‘I think she is terrified’: Woman facing deportation to Nigeria from Sligo

Asylum group says Loveth Oyiboka (29) was only member of her family to survive 2015 massacre

Almost 3,000 people have signed online petitions in support of Loveth Oyiboka (29), who has lived in the Globe House direct provision centre in Sligo for four years but is facing deportation.

Almost 3,000 people have signed online petitions in support of Loveth Oyiboka (29), who has lived in the Globe House direct provision centre in Sligo for four years but is facing deportation.

 

Community groups in Co Sligo have appealed to Minister for Justice Charlie Flanagan to intervene in the case of a young Nigerian woman who is due to be deported on Friday.

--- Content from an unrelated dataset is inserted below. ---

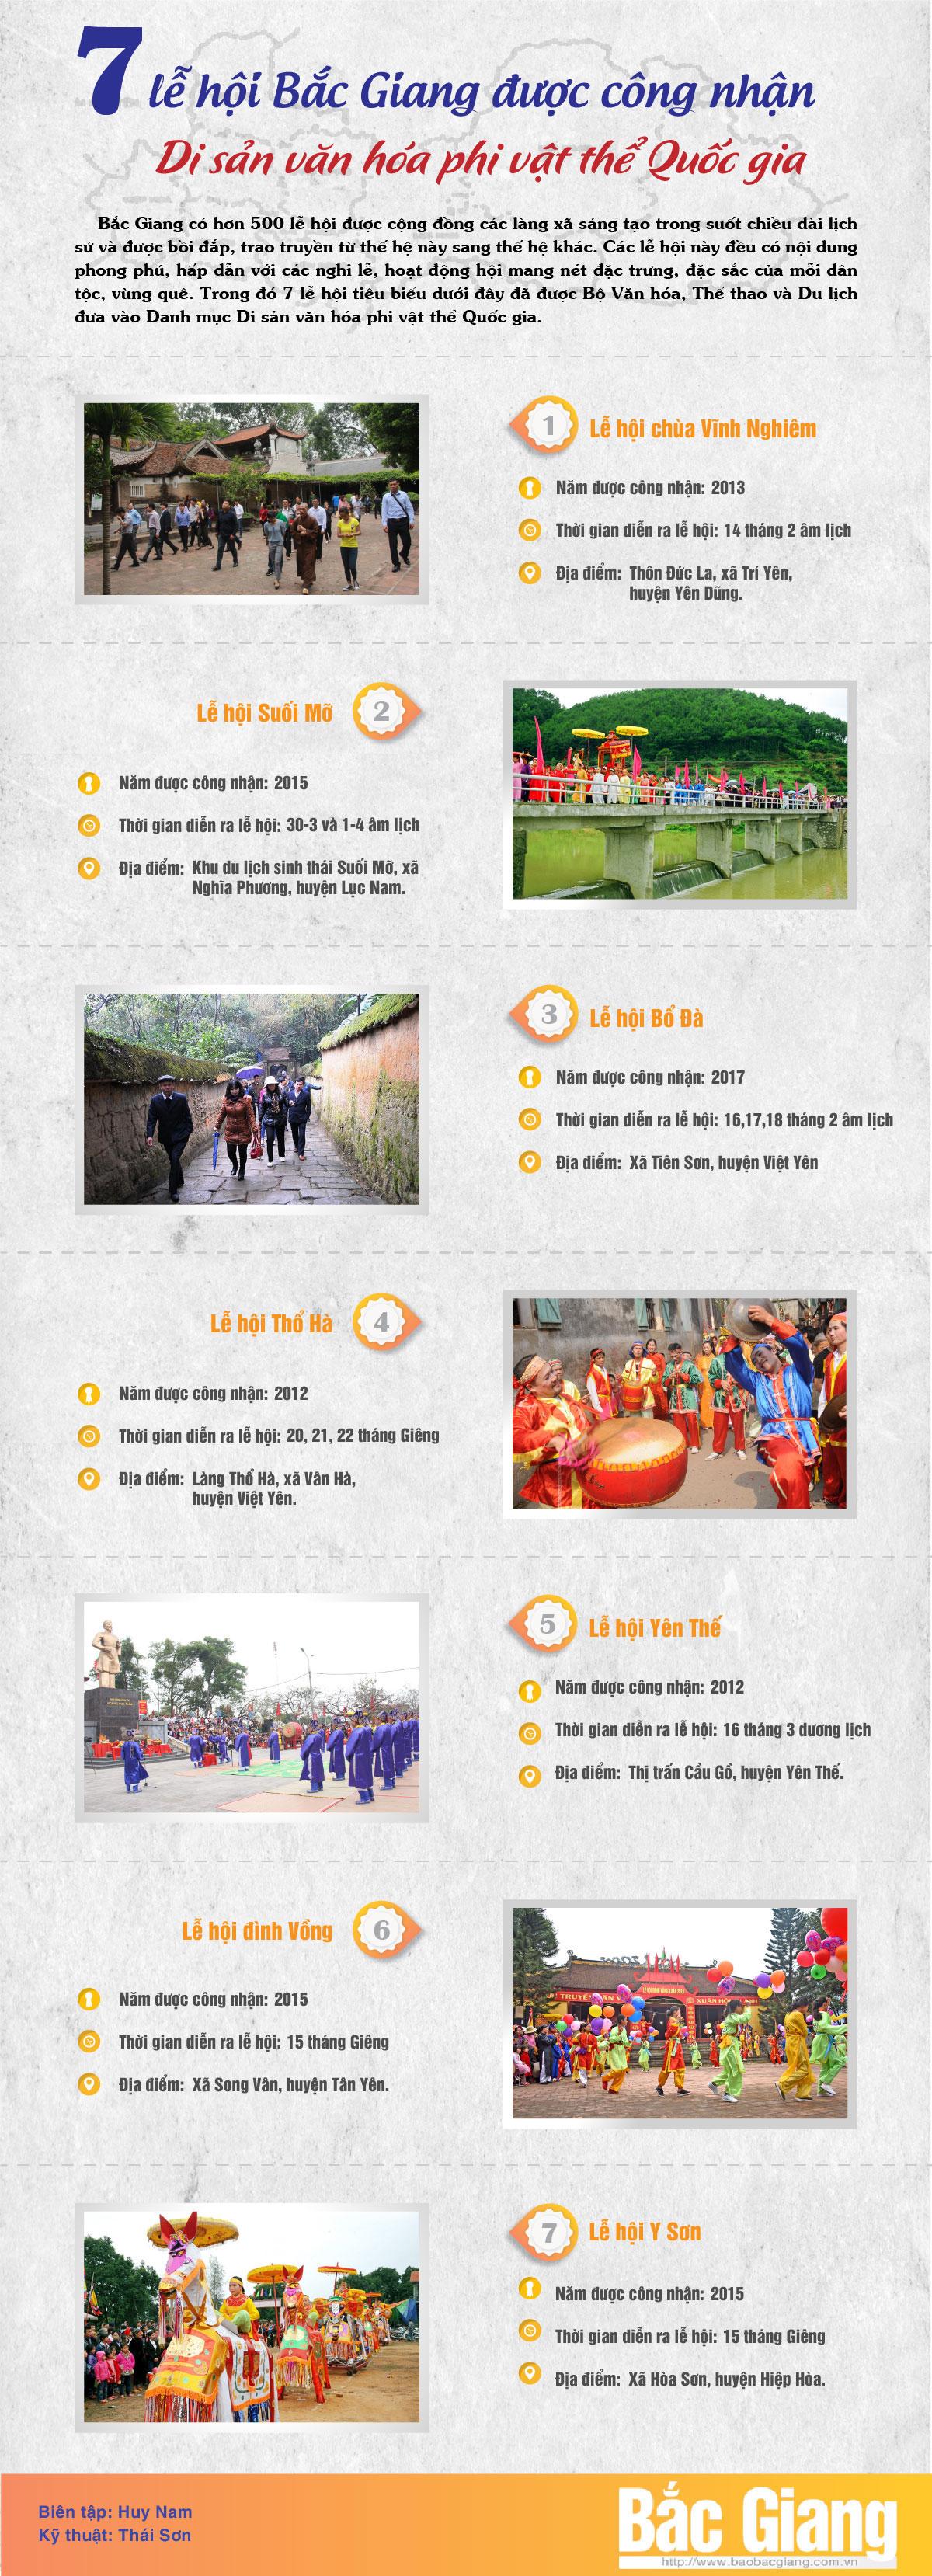 Lễ hội Bắc Giang, di sản văn hóa phi vật thể Quốc gia

Almost 3,000 people have signed online petitions in support of Loveth Oyiboka (29) who has lived in the Globe House direct provision centre in Sligo for four years. She says she has no family left in Nigeria as her parents were murdered.

The Movement of Asylum Seekers in Ireland (MASI), which organised the petition, said the woman was the only member of her family to survive an attack by Boko Haram on October 24th, 2015 in Obama village in Borno state.

“She would be in danger if she was sent back,” said MASI spokesman Lucky Khambule.

He said a decision this week to halt the deportation of Brazilian man Lucivaldo Araujo da Silva (35) , a father of three Irish-born children, showed that Mr Flanagan had the power “to change lives”.

Ms Oyiboka, who is studying health and English with the Sligo Education and Training Board, said she was frightened and had no one left in Nigeria.

“My mom and dad are the people of Sligo,” she said.

Several groups that Ms Oyiboka has volunteered with have organised an event to support her this Thursday in Anderson’s Bar in Sligo.

Integrate

She has volunteered with the Tidy Towns committee, the St Patrick’s Day parade and Sligo Global Kitchen, which aims to help asylum seekers integrate into the community.

Anna Spearman, an artist who founded Sligo Global Kitchen, said she has known Ms Oyiboka since she arrived in Sligo.

“She came here with no friends and family but she has a lot of people looking our for her in Sligo,” she said. “It is scary to think of a young Catholic woman being sent back to Nigeria. I think she is terrified.”

A spokesman for the Department of Justice said that for reasons of confidentiality he could not comment on individual immigration or asylum cases.

He said applications for international protection were examined in detail and all available appeals processes had to be exhausted before a deportation order was made.

All decisions could be reviewed by the High Court and it was open to any person to make an application under the Immigration Act to have a deportation order revoked based on changed circumstances, he added.